# I can't identify these guys



## secretshrew (Oct 3, 2015)

Sorry if this is in the wrong place
there are these two pigeons at my local shelter and I am thinking about getting one. Can you guys tell me their breeds and maybe the pros and cons of these breeds? please and thank you!

Frances - gender unknown

















Luca - gender unknown


















I haven't handled them yet. I saw them yesterday but honestly I don't know much about pigeons. I know I love city pigeons a lot ( fearless little fatties ) and love the sounds they make. I also know they tend to not be adopted. So maybe I could educate my self and save one C:


----------



## kiddy (Feb 5, 2015)

They look like homers to me but somebody else can tell better, I don't have much idea of breeds. 
These are beautiful birds. If they can get a caring owner, there is nothing like that.

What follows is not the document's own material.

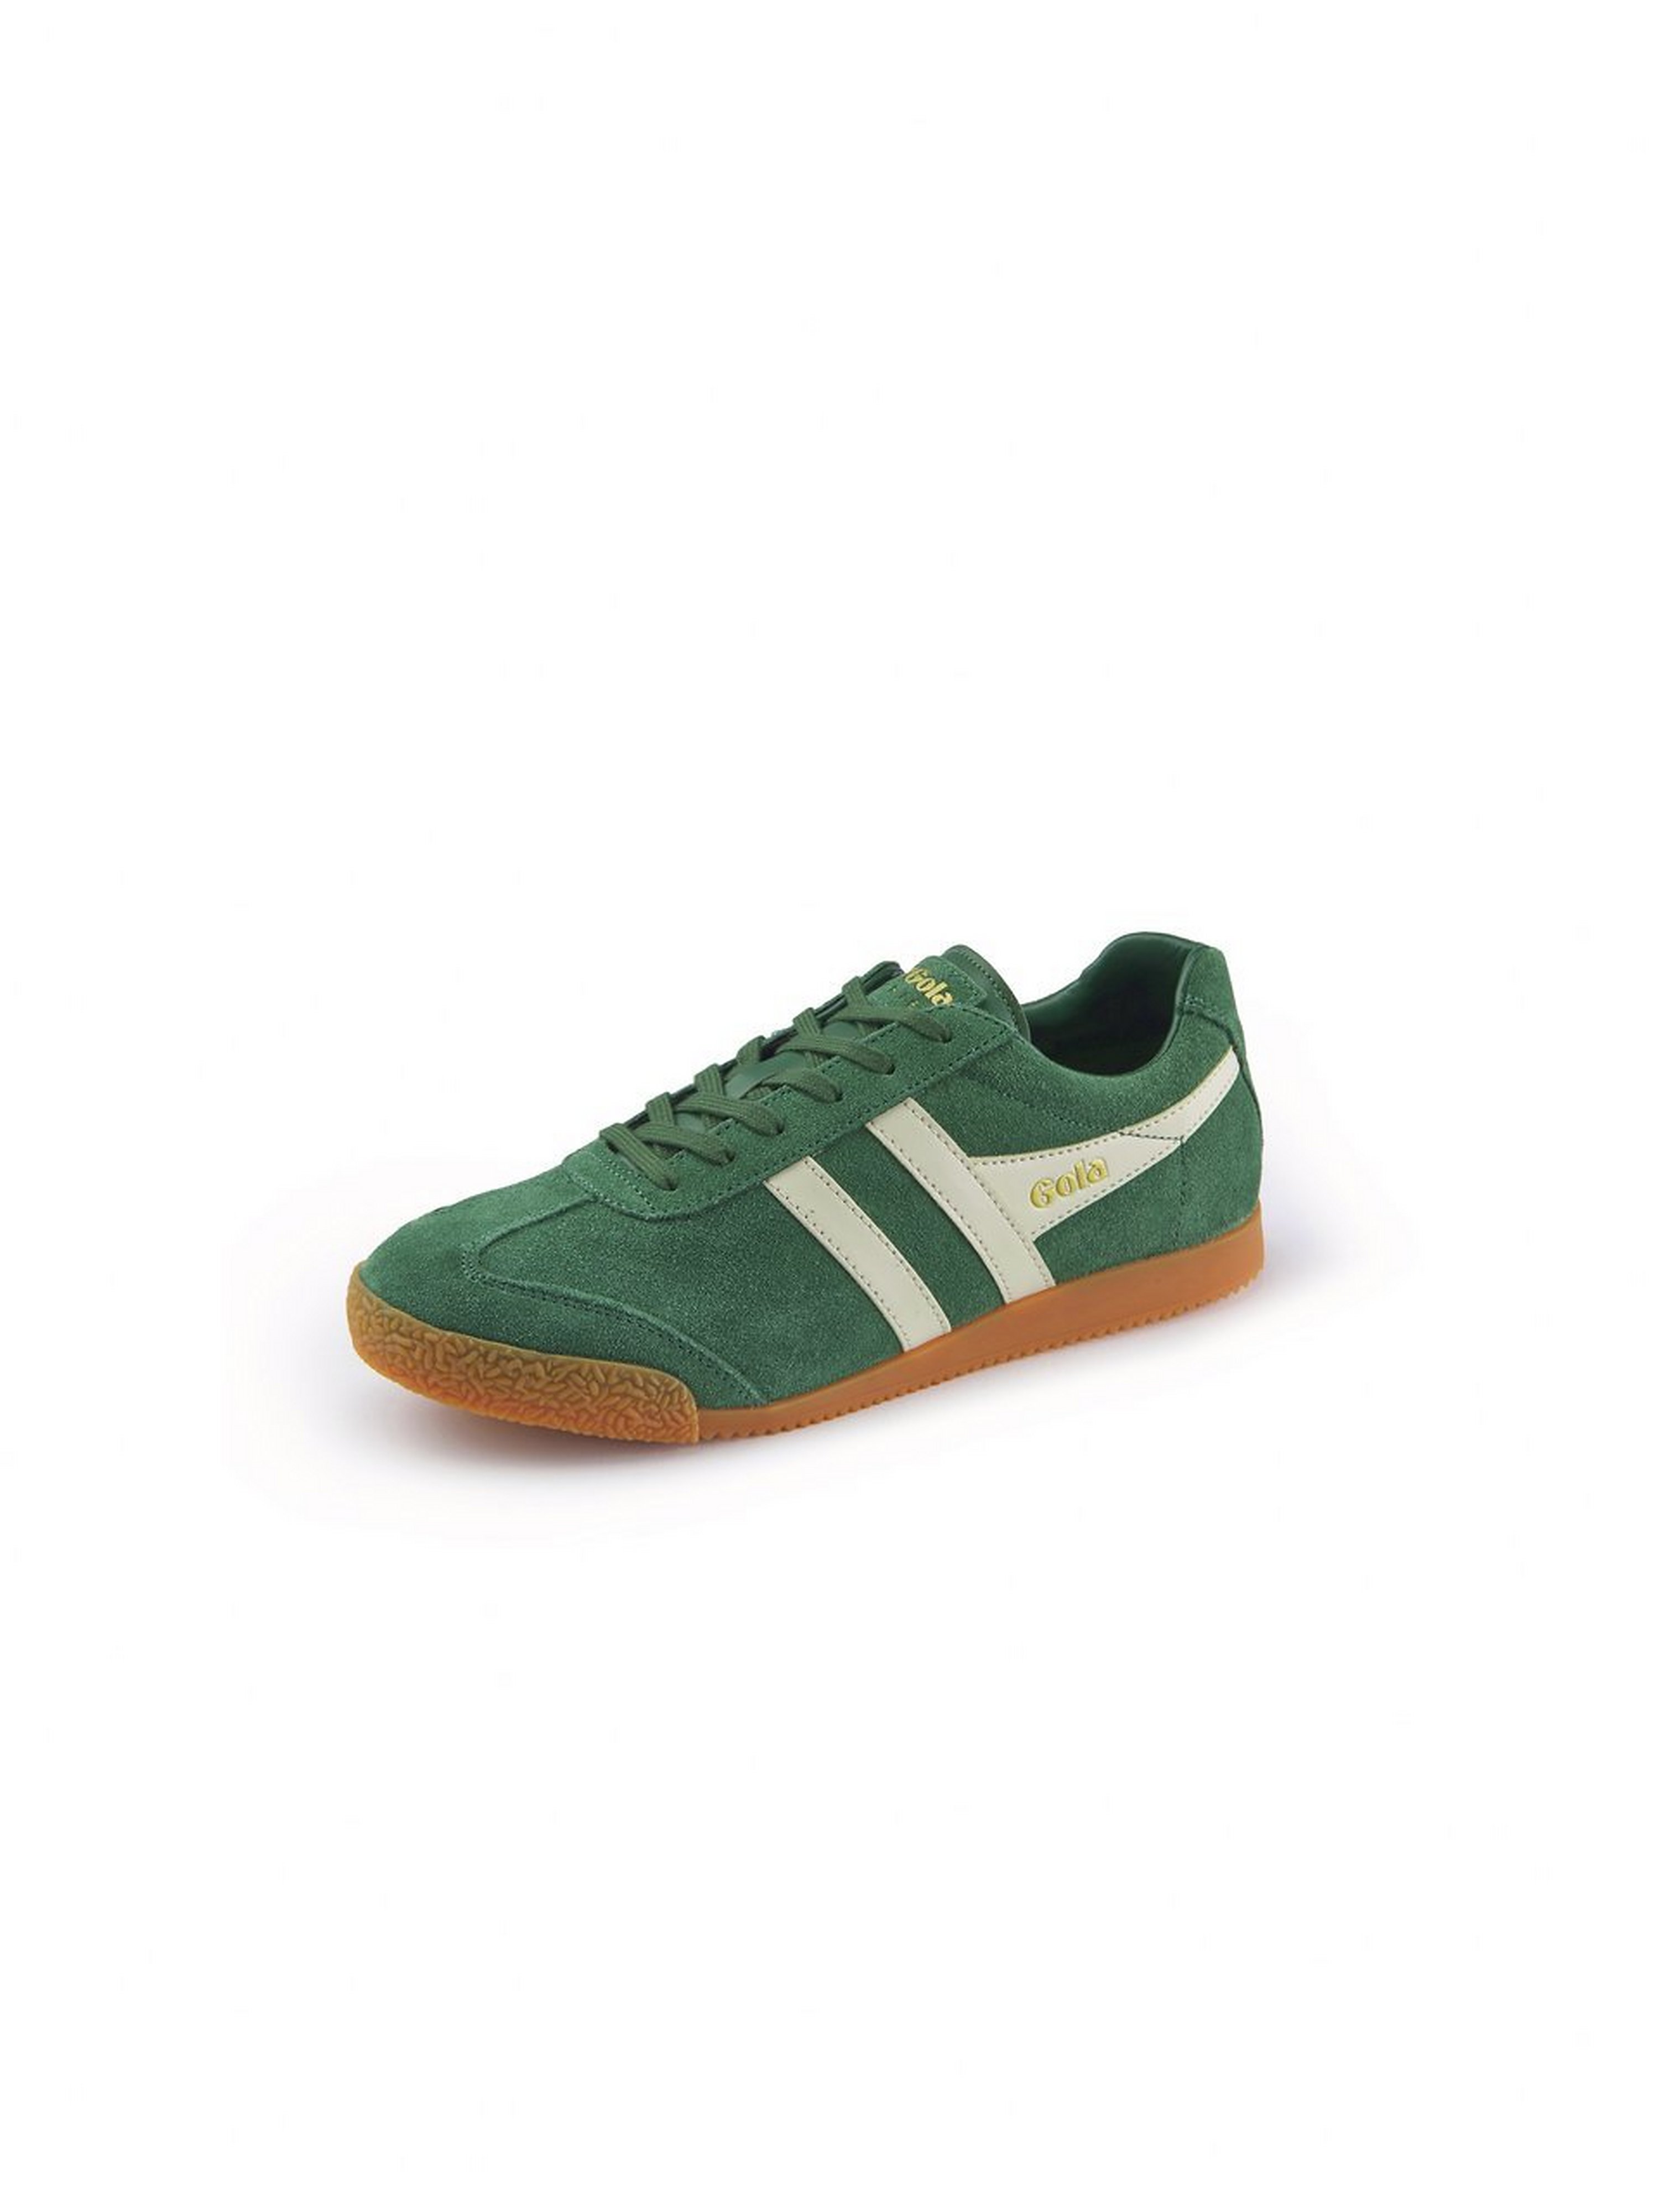 Sneakers Van Gola groen

Thanks for your concern for these birds.


----------



## CarloSantoro (Jun 22, 2011)

Both are racing homers


----------



## cwebster (Dec 11, 2010)

Really beautiful birds! I hope you will rescue both. We have a female we rescued from the shelter who is really delightful. Realize pigeons will take a while to act tame toward you. As prey animals, they are cautious. Then they become very very tame! Do the pigeons get along? A pair would be ideal as they are happiest with other pigeons. Please let us know if you rescue them. You won't regret it. Pigeons are wonderful!


----------



## TAWhatley (Mar 6, 2001)

Look like racing pigeons to me too. And, the leg band is showing in one of the pictures. It would be super if you could adopt them both!

Terry


----------



## Jay3 (May 4, 2008)

If they are both males, then you may not be able to cage them together. Often 2 males won't get along. 2 females will get along usually, or one of each gender. Somtimes 2 males are okay together, but often not the case.


----------



## cwebster (Dec 11, 2010)

Are they caged together at the shelter? If so you can observe whether they get along and maybe tell whether they are male or female.


----------



## Jay3 (May 4, 2008)

cwebster said:


> Are they caged together at the shelter? If so you can observe whether they get along and maybe tell whether they are male or female.


Good point.


----------



## Chuck K (Jan 12, 2013)

They are racing homers, and just judging from the size of their heads in relation to the bodies I think they are both hens. The only real way to tell the sexes is by the displays, and even that isn't always 100%.


----------



## JackB (Jul 14, 2015)

*Bands*

I know this is a few weeks old but anyway, check the band numbers. The first letters, such as AU would mean American Union and are bands from a racing homer club. Other initials can be checked by typing them into your computer followed by "pigeon." The club should come up and they would have the owners name. They look like young racing homers. They will get along. I separate my cocks and hens every winter and no problems.


----------



## Jay3 (May 4, 2008)

Look like homers. Are you going to adopt them? Getting both would be nice if you can.


----------